On this collection of articles, we’ll use the LangGraph library and Tavily search software to construct a easy analysis assistant that demonstrates a few of these ideas and would possibly even be helpful for these of us seeking to generate fast, effectively written experiences about any topic. Our agent can be impressed by the plan -> analysis -> write -> submit -> assessment -> revise cycle that occurs in peer-reviewed analysis, and you may check out the prompts for these totally different sections right here.

To make the system really feel extra full, we’ll additionally add the power to mechanically add the fabric generated to a Google Doc, which is explored in half 2. This ought to be thought of as extra of an add-on than an built-in part of the agent, however it’s fascinating in its personal proper and so may be learn as a stand-alone article.

Earlier than taking a look at how we are able to construct this assistant and what it means for it to be “agentic”, we should always suppose briefly about what we’d prefer it to do.
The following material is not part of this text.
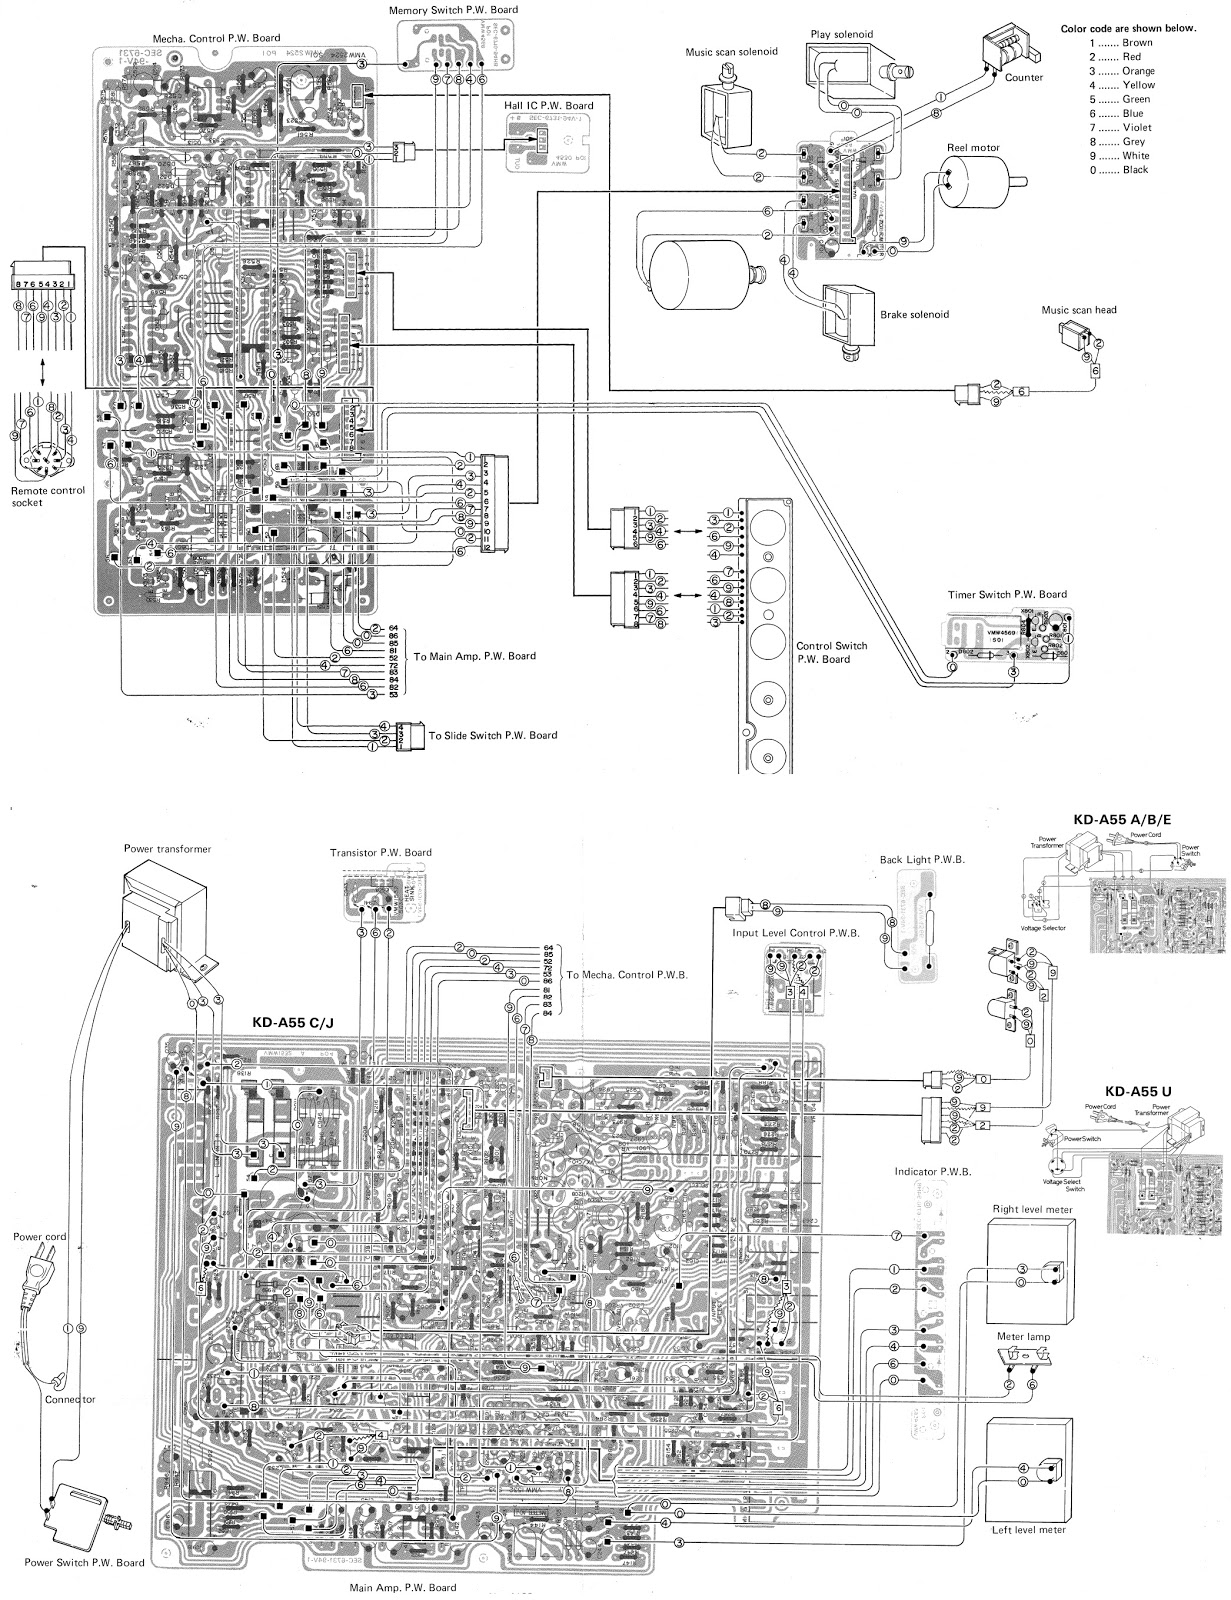 small resolution of alpine ina w900 wiring diagram wiring diagram todays rh 3 18 10 1813weddingbarn com alpine ina

The objective is to construct a system that may plan and write quick, informative articles a few given subject, then enhance its personal work by way of assessment and revision.

Why? Primarily that is simply an exploration of know-how, however the usage of LLMs as semi-autonomous researchers is an energetic area of investigation and is yielding fascinating tasks corresponding to GPT-researcher. They’ve the potential to hurry up the work of analysts, college students, authors and researchers — although after all if the objective is human studying, there is no such thing as a substitute for cautious studying, notice taking and dialogue, which AI can’t change.
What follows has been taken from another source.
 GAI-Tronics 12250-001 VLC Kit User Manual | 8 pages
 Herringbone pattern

LLMs like GPT4, Anthropic Claude Sonnet, Meta Llama 3, Google Gemini Professional and so on. can already write nice articles out of the field with only a single immediate. Nonetheless, these LLMs have data cutoffs and so want entry to further instruments in an effort to fetch the newest data, corresponding to information about present occasions. There are many providers — notably instruments like Perplexity, ChatGPT (now accessible through chat.com) and Google’s AI overview that have already got this skill, however they’re geared extra in the direction of offering fast summaries than polished analysis experiences.

Right here, we’re making the belief that a number of iterations of assessment and revision will enhance the standard of an article generated by an LLM. That is actually the way it works in human writing. Our assistant could have the next elements, every with its personal instruction immediate

  • Planner. Turns a poorly outlined job right into a structured article plan
  • Researcher. Takes the plan and searches the web for related content material.
  • Author. Makes use of the plan, retrieved content material and it personal data to put in writing the report
  • Reviewer. Reads the report and affords constructive criticism
  • Editor. Reads the report and the reviewer’s criticism and decides if the report must be revised. In that case, the report is shipped again to the researcher and author levels.

In our implementation every of those elements can be calling the identical LLM, specifically GPT4o-mini, however in an actual software they might simply as simply use totally different, extra specialised fashions.

The output can be a well-written, informative report — ideally with references — that we are able to programmatically drop right into a Google doc for secure protecting. It’s simple to change the “character” or our researcher by adapting the prompts. The editor is especially vital, as a result of it’s the gatekeeper for the tip of the method. If we make our editor very strict, the system would possibly have to loop by way of many revisions to get accepted. To what extent will a stricter editor enhance the standard of the consequence? That’s a really fascinating query which, as they are saying, is past the scope of the present work!

Our analysis assistant relies closely on the instance described on this wonderful quick course about LangGraph. LangGraph is an LLM orchestration library that makes an attempt to make it simpler for us to design and construct dependable brokers. For an in-depth comparability of LangGraph and LangChain, I like to recommend this wonderful article.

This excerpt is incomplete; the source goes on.